### GOAL OF THE EXERCISE
Reproduce the lines below exactly, from the one containing "Komodo Coffee Table" through the one containing "Glatzer White Wine", both included. Leave out any pictures.

### RECORDS FOR THE EXERCISE
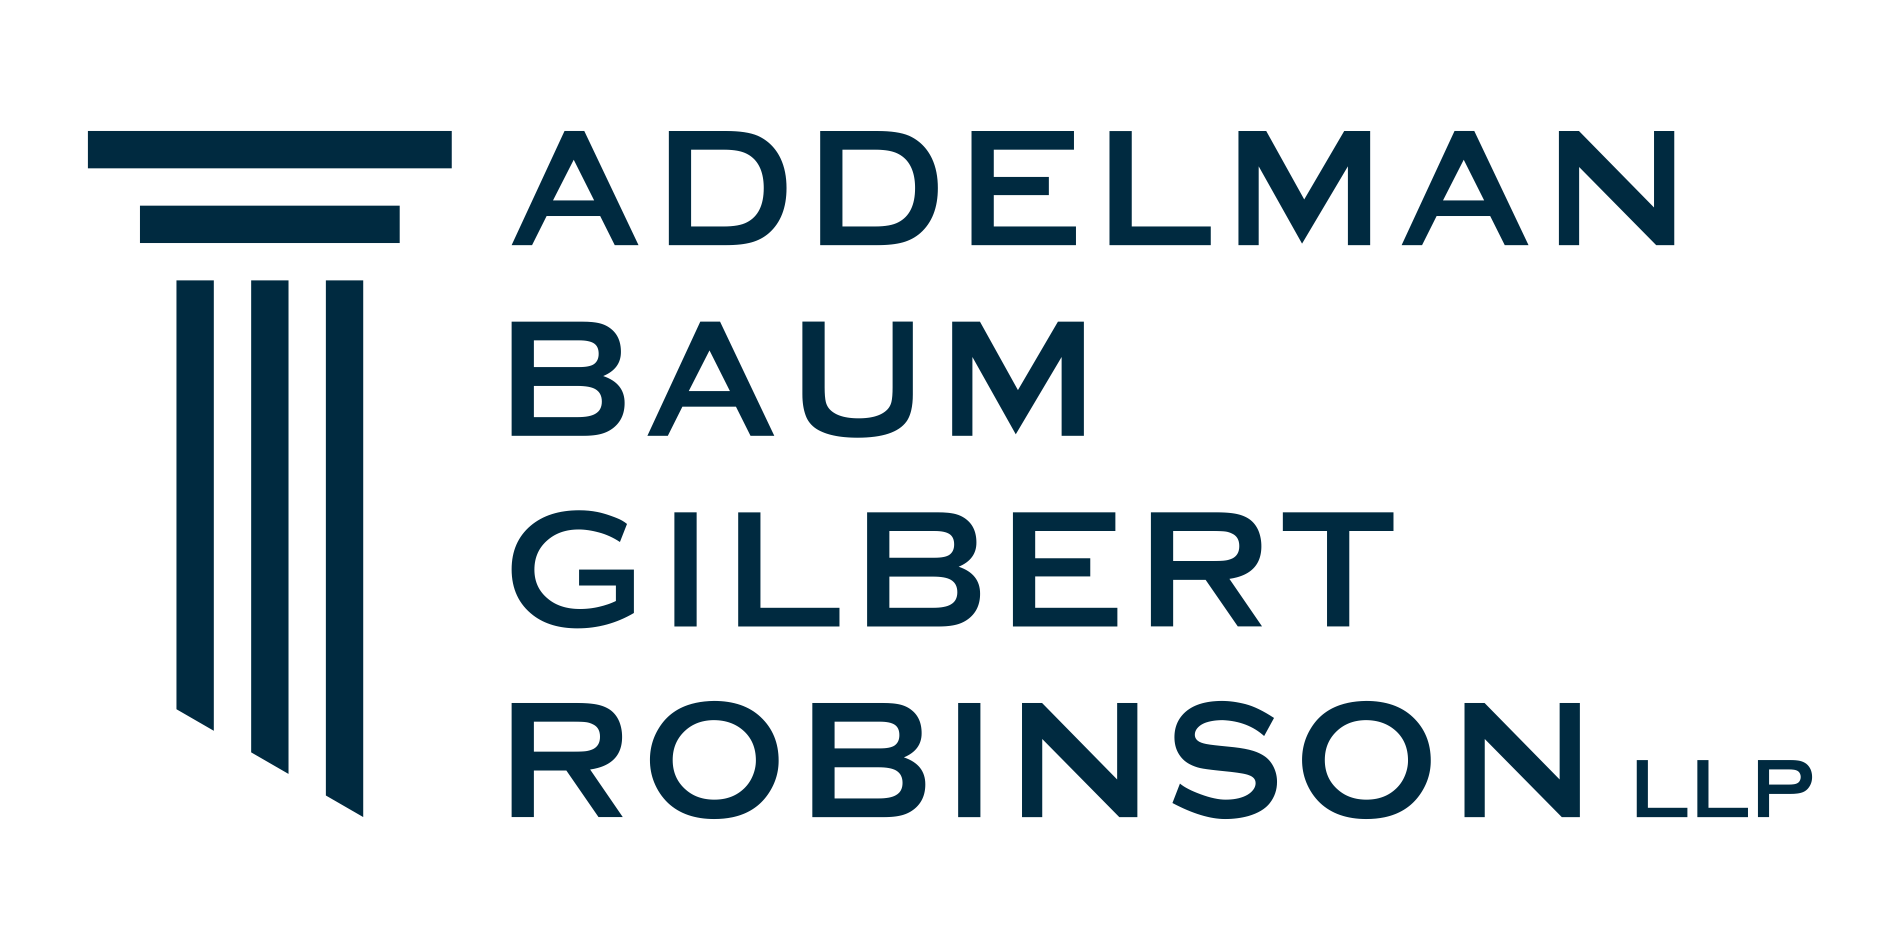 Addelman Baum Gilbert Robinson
---
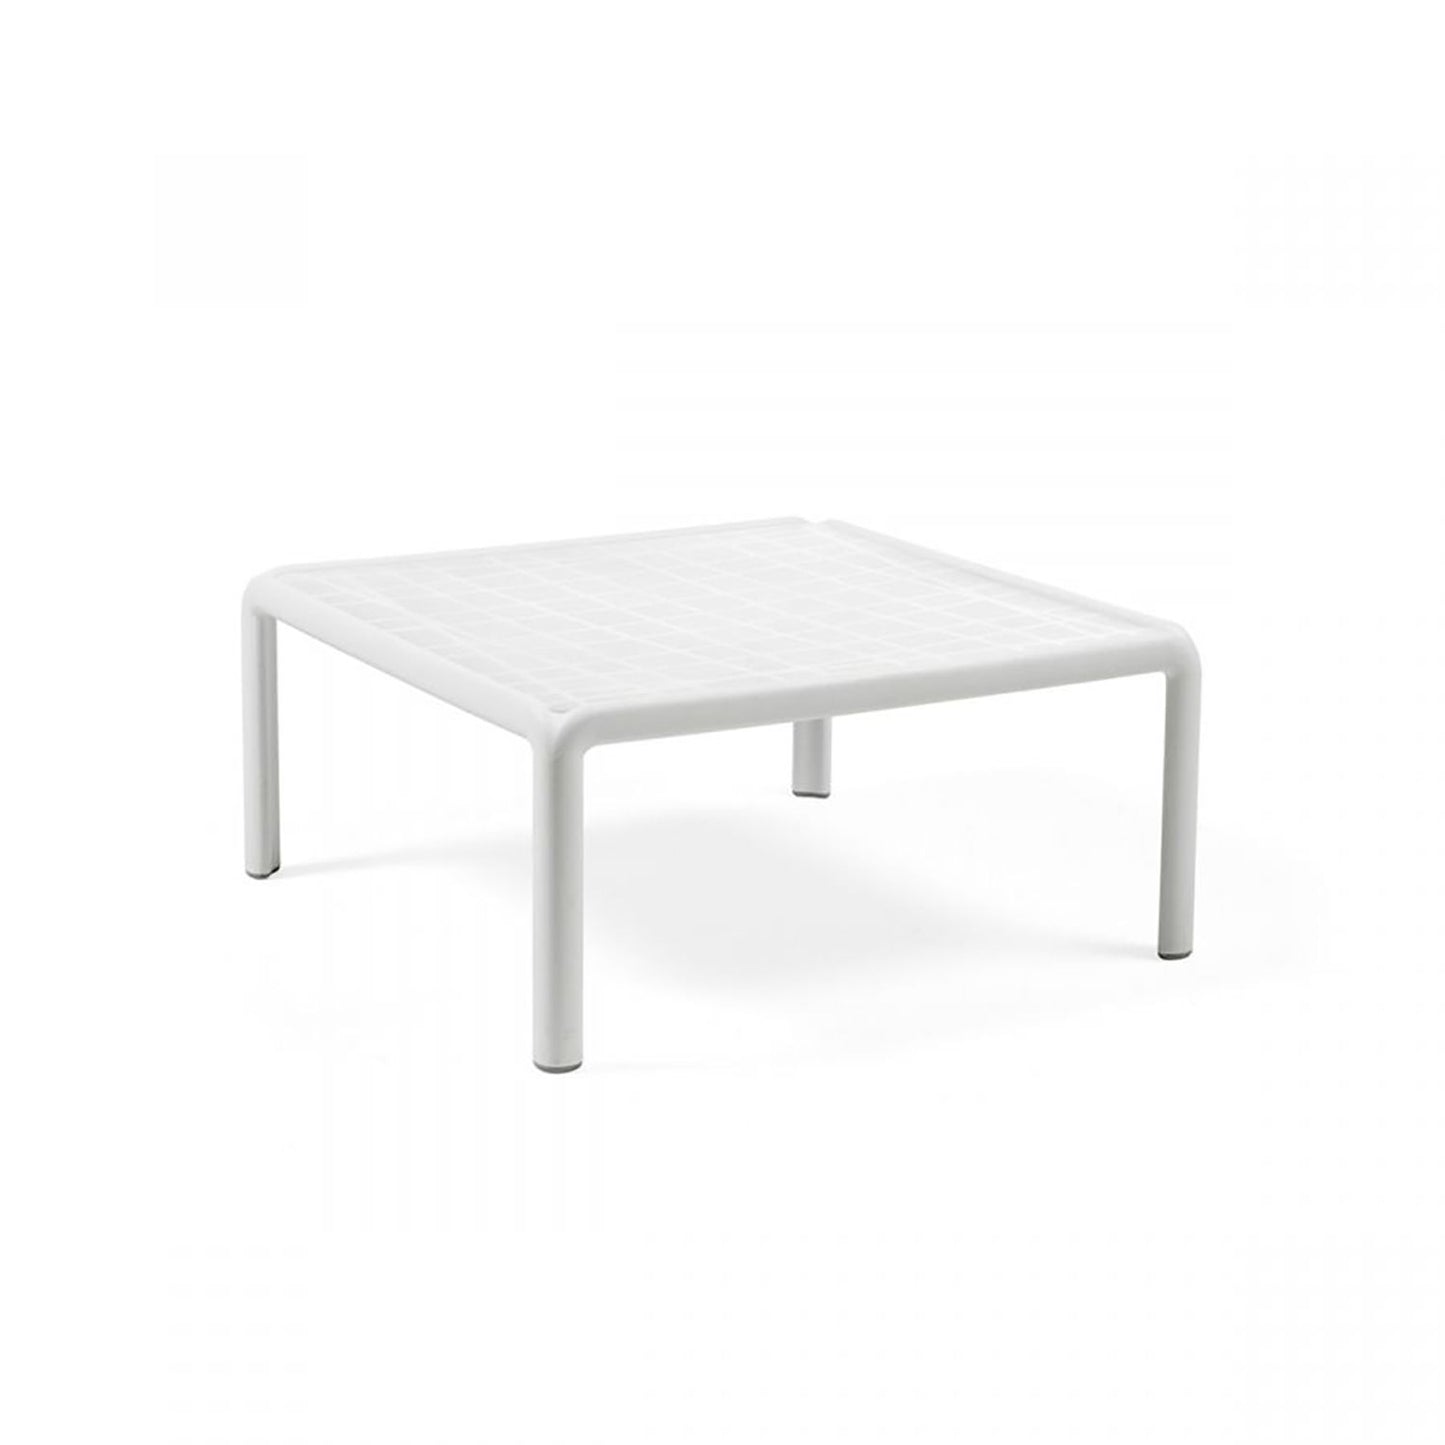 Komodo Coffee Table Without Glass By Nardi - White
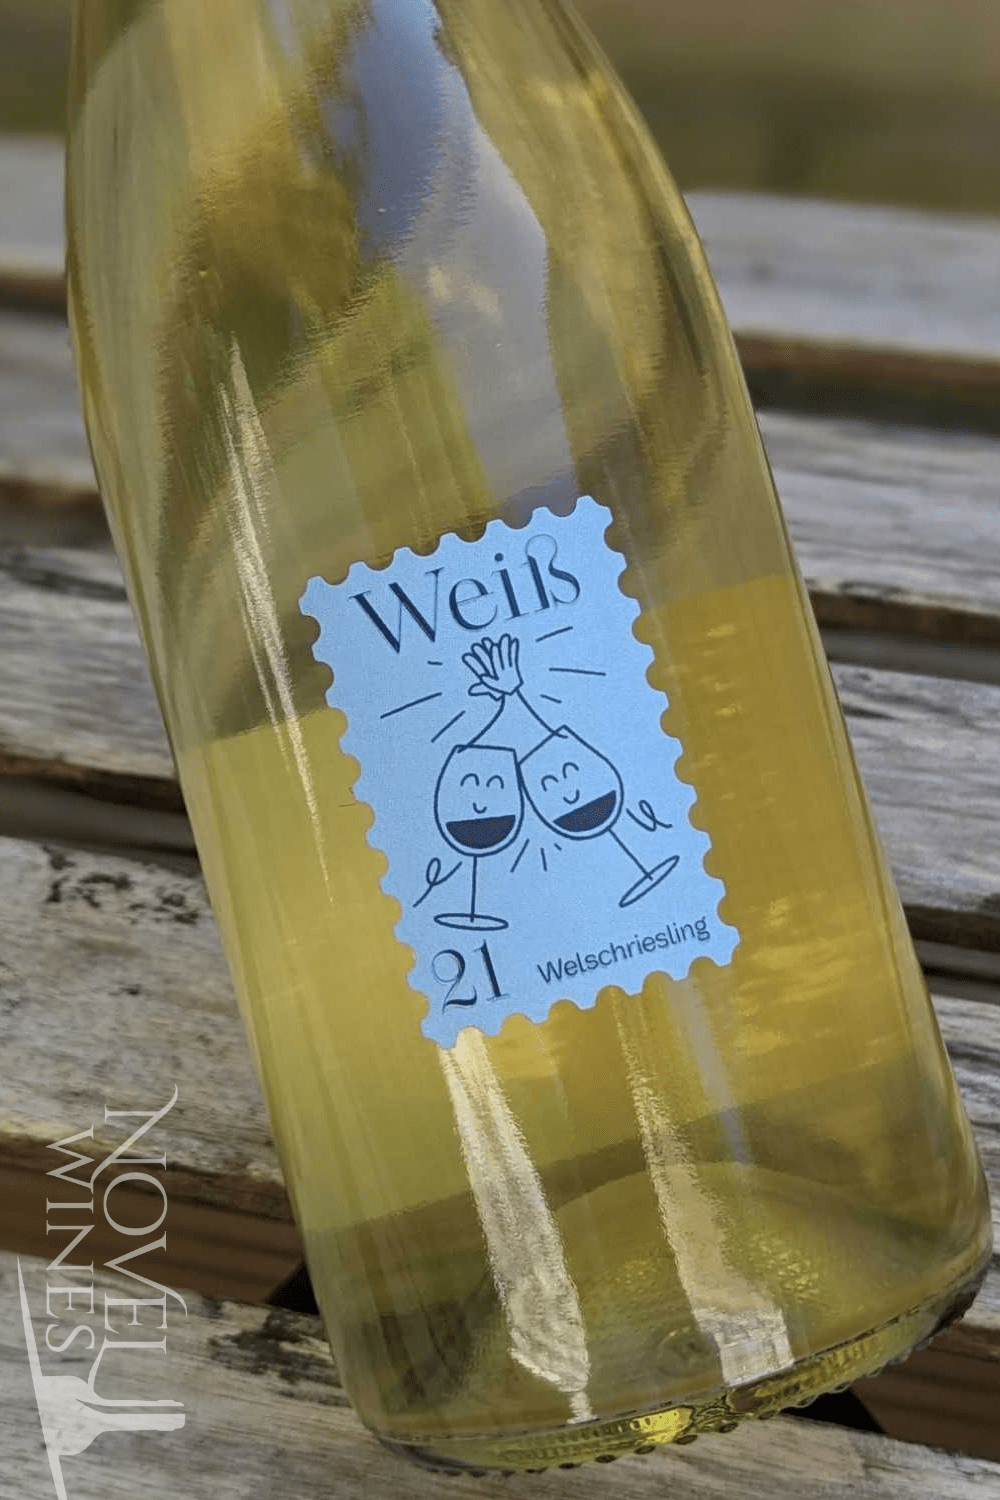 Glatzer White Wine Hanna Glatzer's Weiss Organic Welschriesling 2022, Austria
---
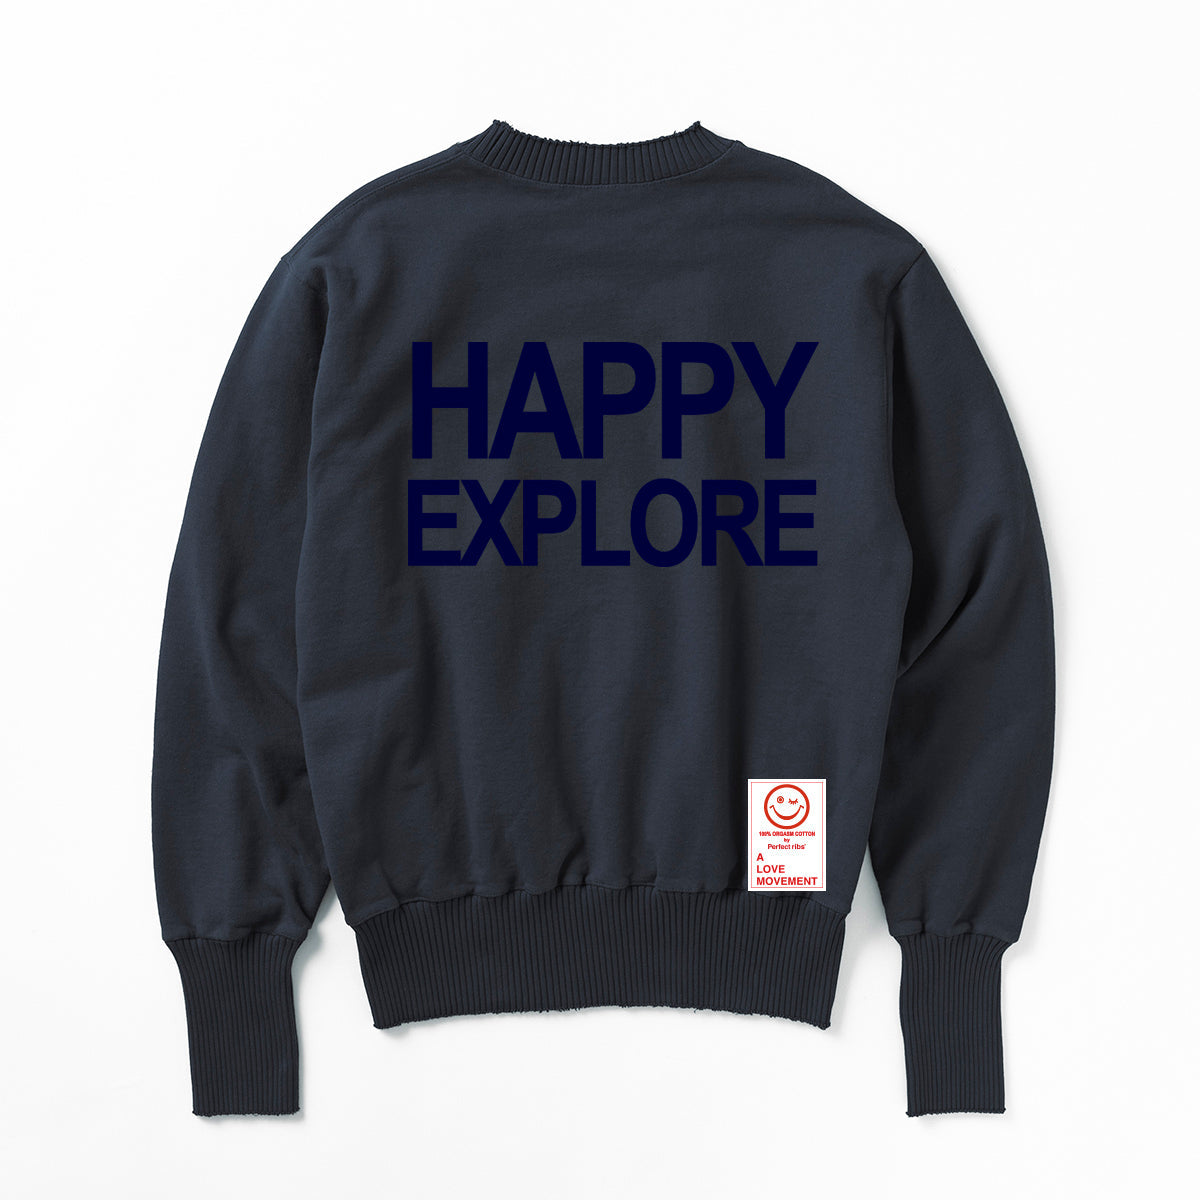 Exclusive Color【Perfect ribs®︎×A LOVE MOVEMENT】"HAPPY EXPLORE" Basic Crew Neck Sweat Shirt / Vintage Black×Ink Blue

### WRITTEN SOLUTION
 Komodo Coffee Table Without Glass By Nardi - White
 Glatzer White Wine Hanna Glatzer's Weiss Organic Welschriesling 2022, Austria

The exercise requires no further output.